Labná (casa vieja) se encuentra
ubicada en la región de los uitzes o lomeríos.
Cuenta con un arco que constituye una de las obras arquitectónicas
más representativas del Puuc. Labná tiene
una ocupación dentro del Clásico Tardío,
entre los siglos VIII y X d.C. En el Arco de Labná,
la bóveda se vuelve un impresionante recurso
estético, ya no para techar espacios interiores
sino horadando de parte a parte la estructura, uniendo
espacios diferenciados con un especial equilibrio entre
los volúmenes, los símbolos escultóricos
que lo decoran y la dimensión humana.
Mucho más complejo resulta el
Palacio. Varias temporadas de campo, que todavía
no finalizan, descubren constantemente nuevas evidencias
del proceso constructivo y de las características
de su decoración: "una saliente del mismo
conjunto ostenta elaborados mascarones, en especial
el que se recorta en el ángulo de esta fachada,
cuya nariz se retuerce en forma brusca hacia arriba,
y de cuya boca emergen fauces serpentinas entre las
que asoma a su vez el rostro de una deidad de rasgos
humanos".
El sacbé que une los dos conjuntos
ofrece una interesante integración urbana y es
una línea visual que reduce el amplio espacio
que separa al Palacio del edifico elevado conocido como
El Mirador. Este último es un templo construido
sobre una enorme plataforma y rematado con una certera
calada que estiliza la masa piramidal que lo soporta.
En Labná se encuentran ejemplos básicos
de lo que fue el gran desarrollo cultural clásico
del Puuc. Su Arco sirve de entrada a este estadio del
mundo maya peninsular.
Si se compara su monumentalidad con
la de otros grandes sitios, es reducida, por lo que
es probable que el asentamiento se encontrara bajo el
dominio de algún sitio que funcionaba como capital
regional. La zona comparte características constructivas,
decorativas y arquitectónicas con otros asentamientos
enclavados en la región Puuc. En la actualidad
todavía no se han desarrollado trabajos de investigación
tendientes a determinar la extensión y los periodos
cronológicos del sitio.
Se cuenta con algunas evidencias de
ocupación desde el Clásico Temprano (300-600
d.C.) y en el sitio predominan materiales que corresponden
al periodo Clásico Tardío (800-1000 d.C).
El desciframiento de los jeroglíficos que se
encuentran en la nariguera de un mascarón, ubicado
en el edificio El Palacio arrojan la fecha maya 10.1.13.0.0.,
que corresponde al año 862 d.C. Lo anterior nos
indica la posibilidad de que en este periodo se haya
desarrollado la intensa actividad constructiva de Labná.

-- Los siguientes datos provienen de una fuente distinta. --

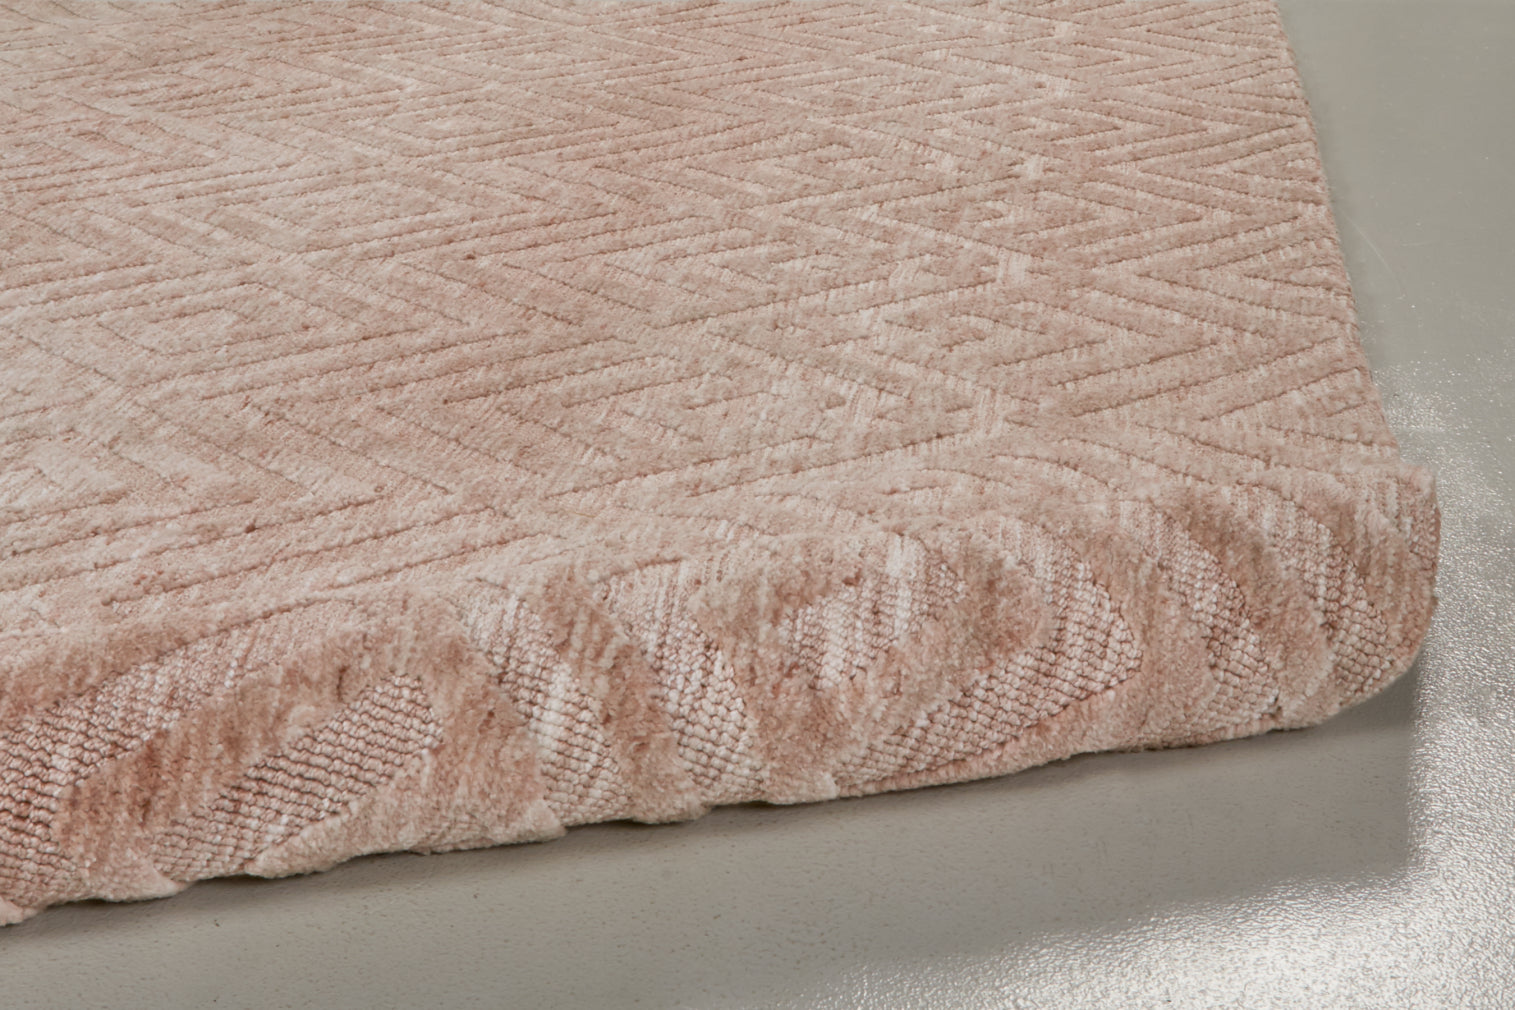 Feizy Colton 8792F Pink Area Rug

Durante esta época de esplendor
los centros económicos y políticos más
importantes de la región fueron indudablemente:
Uxmal, Sayil y Kabah, que junto con Oxkintok, Labná
y Nohpat parecen haber controlado la totalidad de la
cordillera del Puuc, así como algunas porciones
de las planicies del norte; se presume que el esquema
de organización socio-política básico
era el de grandes centros autónomos, ya con una
plena organización estatal; parece claro que
estos asentamientos centralizaban en un grado muy alto
la mayoría de las funciones de la región.
El manejo de algunos espacios y elementos de los estilos
arquitectónicos demuestran la interacción
que existió entre las entidades políticas.